2 Diversity; unlimit or excess (ME "lak of mesure"); evil, strife
3 Perfect harmony (unity + diversity); limit, good; the Trinity
4 Perfection (the first square, 2x2); the gospels & apostles, the cardinal graces, senses of allegory, quadrivium of subjects first taught in Medieval schools; elements, humors, seasons, winds, points of the compass.
5 The union of the first even and odd numbers after 1, and hence the prevailing number in nature and art; Christ's wounds (Cf. Gawain's pentangle's explication in SGGK ll. 619-69); stanzas in all but one of Pearl's stanza groups.
6 The sum of the first three numbers; the trinity; the days of Creation; stanzas in Pearl stanza group XV (and 15 is, itself, a deficient number [factors 1+3+5 = 9]).
7 Prime number; the sum of 3 and 4, which are both “god” numbers; mystical in many contexts; the climacteric of all diseases; the sins; the virtues; the Joys of the Virgin; the Sorrows of the Virgin; innumerable biblical and other referents.
8 The first cube, 2x2x2; new beginning and stability; eternity; Christ; baptism; Resurrection; circumcision; Beatitudes; the number who survived the Flood.
10 The Tetraktus; the Commandments; the number of strings on David's harp.
12 'Superabundant'; the New Jerusalem (see Revelation); the Apostles; 144 Virgins, 144,000 population of the ten tribes, etc.
Though Stone does not discuss it, the logic used to interpret the “good” numbers implies that the numbers he omits, 9, 11, and 13, are problematic, deficient, or outright bad.
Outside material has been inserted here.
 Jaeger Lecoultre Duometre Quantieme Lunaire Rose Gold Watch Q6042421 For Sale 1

The number 9 is massively “deficient” in terms of its factors: it is divisible only by 1 and 3, whose sum only equals 4. The numbers 11 and 13, though primes, are produced by taking away or adding to adjacent “good” numbers, by implication a dangerous thing to do. The number 11 is especially interesting for Pearl's readers because the "missing line" (472) makes a superabundant 12-line stanza massively deficient by its loss. Or does it turn the 11 line stanza into something that suggests God "twice" (1 and 1)?
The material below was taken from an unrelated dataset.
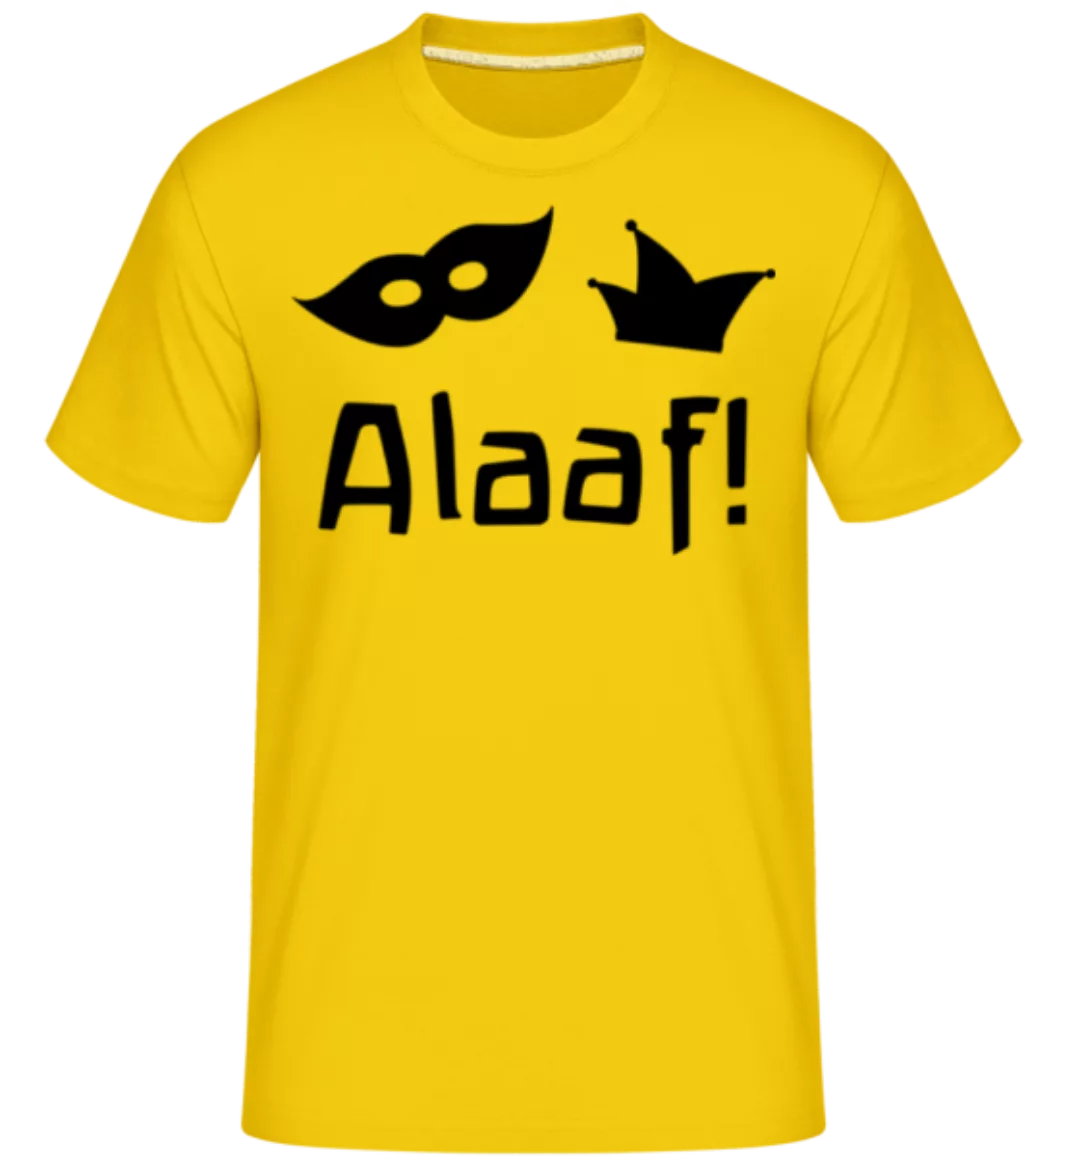 Alaaf! · Shirtinator Männer T-Shirt günstig online kaufen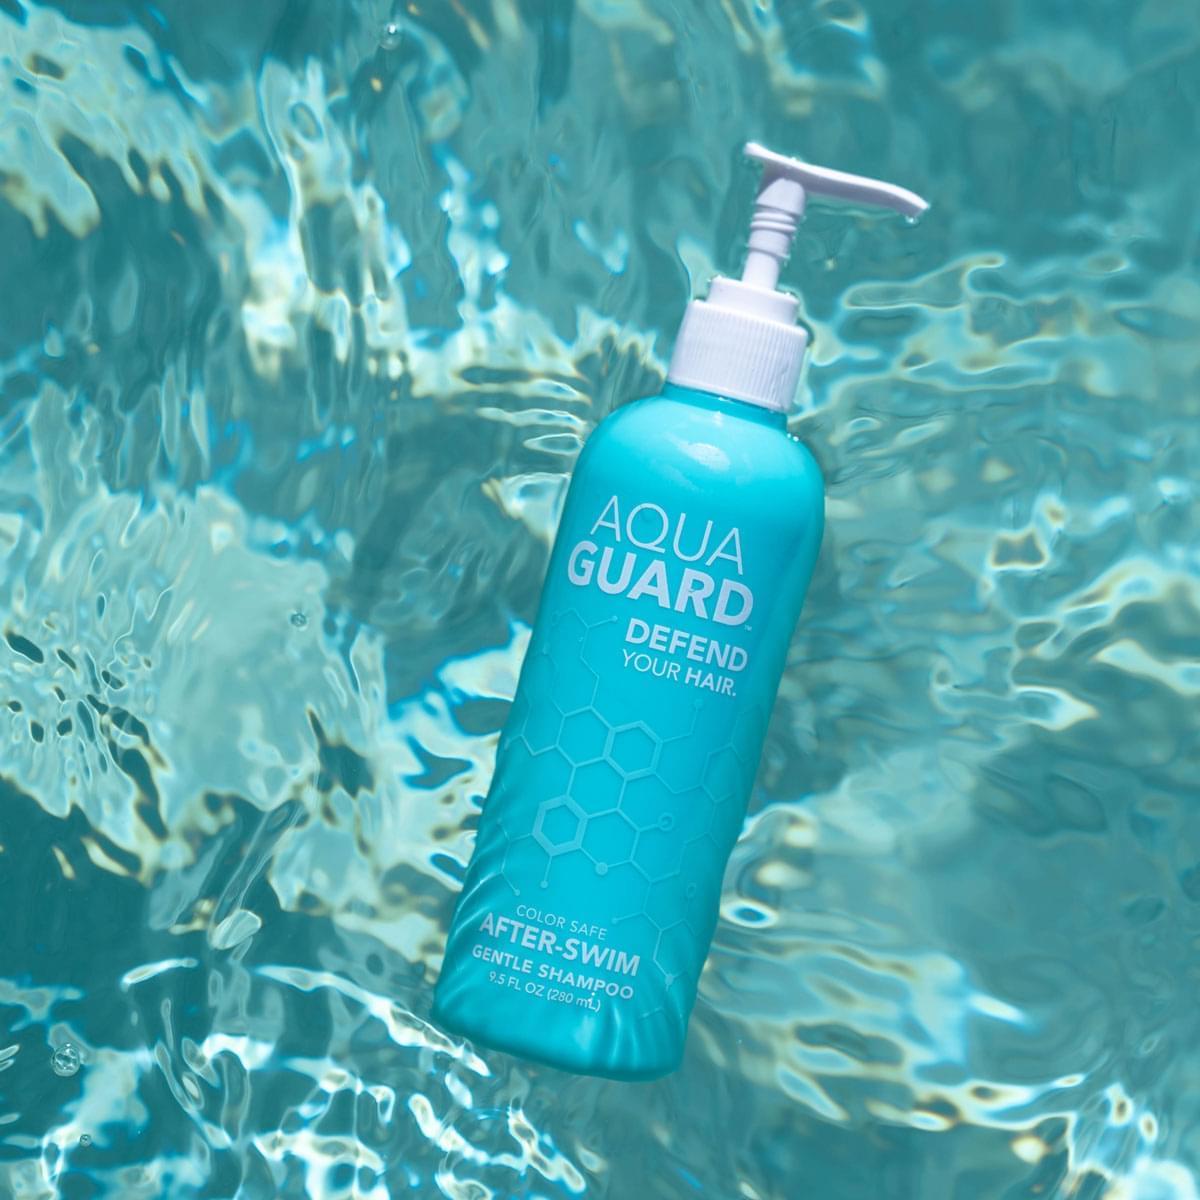 AquaGuard After-Swim Gentle Shampoo

Stone observes that "Pearl and Sir Gawain and the Green Knight both have 101 stanzas (101 being a prime number, in which unity figures twice) and those of Pearl are in twenty linked sets, all but one of which are fives" (219). He might have gone much, much further in the case of Pearl, which is one of the most densely numerological texts I know of. For but one example of many I know of, and others I am sure have not yet been discovered, compare the Dreamer's self-description in lines which are given the standard numbering 184 and 1085, and consider that they are exactly 1000 lines apart: "I stod as hende as hawk in halle" (a bird of prey, though courtly/calm/"hende"); "I stod as stylle as dased quayle" (a prey species, and no longer merely courtly or calm, but "dazed"--in a spell cast by the vision of the New Jerusalem's "frech fygure" (1086). The perfection of that 1000-line verbal and thematic parallel is possible only if we allow the "missing line" 472's imperfection to be intentional, both present and absent in form and meaning.
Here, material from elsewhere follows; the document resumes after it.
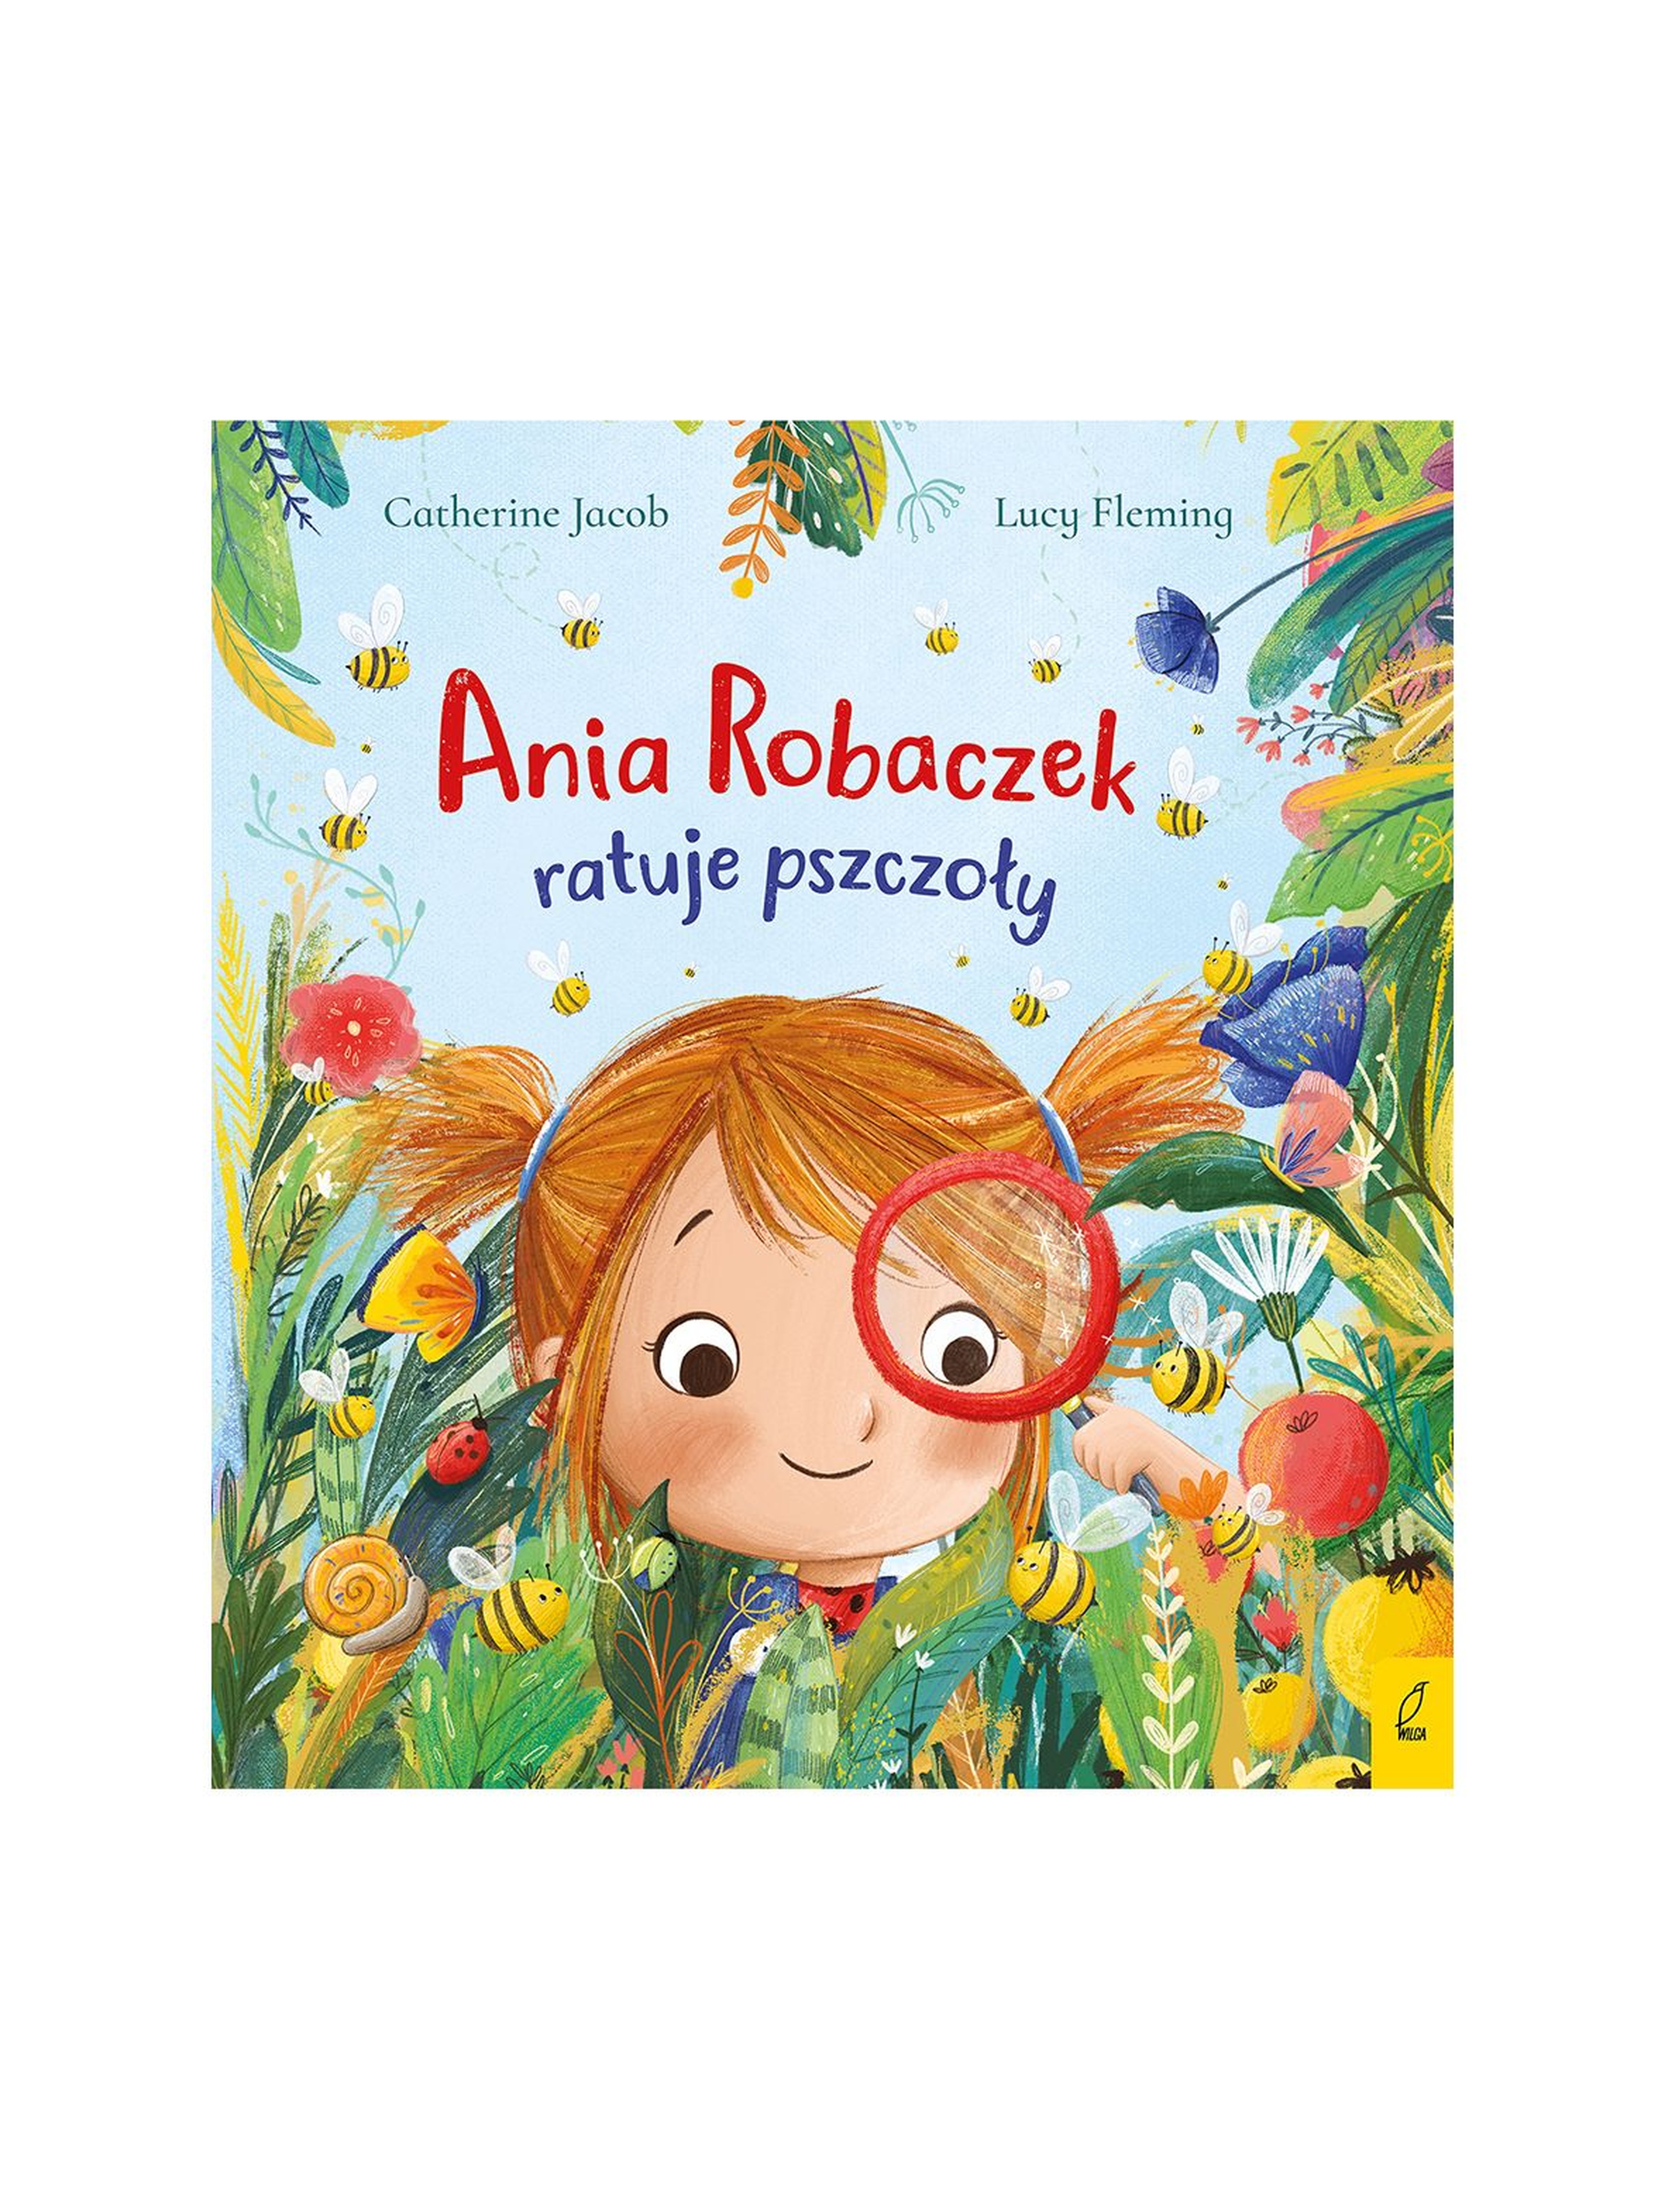 Ania Robaczek ratuje pszczoły - książka dla dzieci

Stone has created his list from a wide range of sources, most of which agree on the numbers' significance. Notice, though, that the supposed transcendent significance of numbers becomes complicated even within Christian tradition because of variations in doctrinal interpretation of divine events. For instance, Stone follows the tradition in which the Virgin has seven "Joys" and "Woes," but the Pearl-poet obviously follows a tradition in which there are five (Sir Gawain and the Green Knight, ll. 646-7). Thus, interpreters searching the companion poem, Pearl, for the significance of "five" should keep that in mind.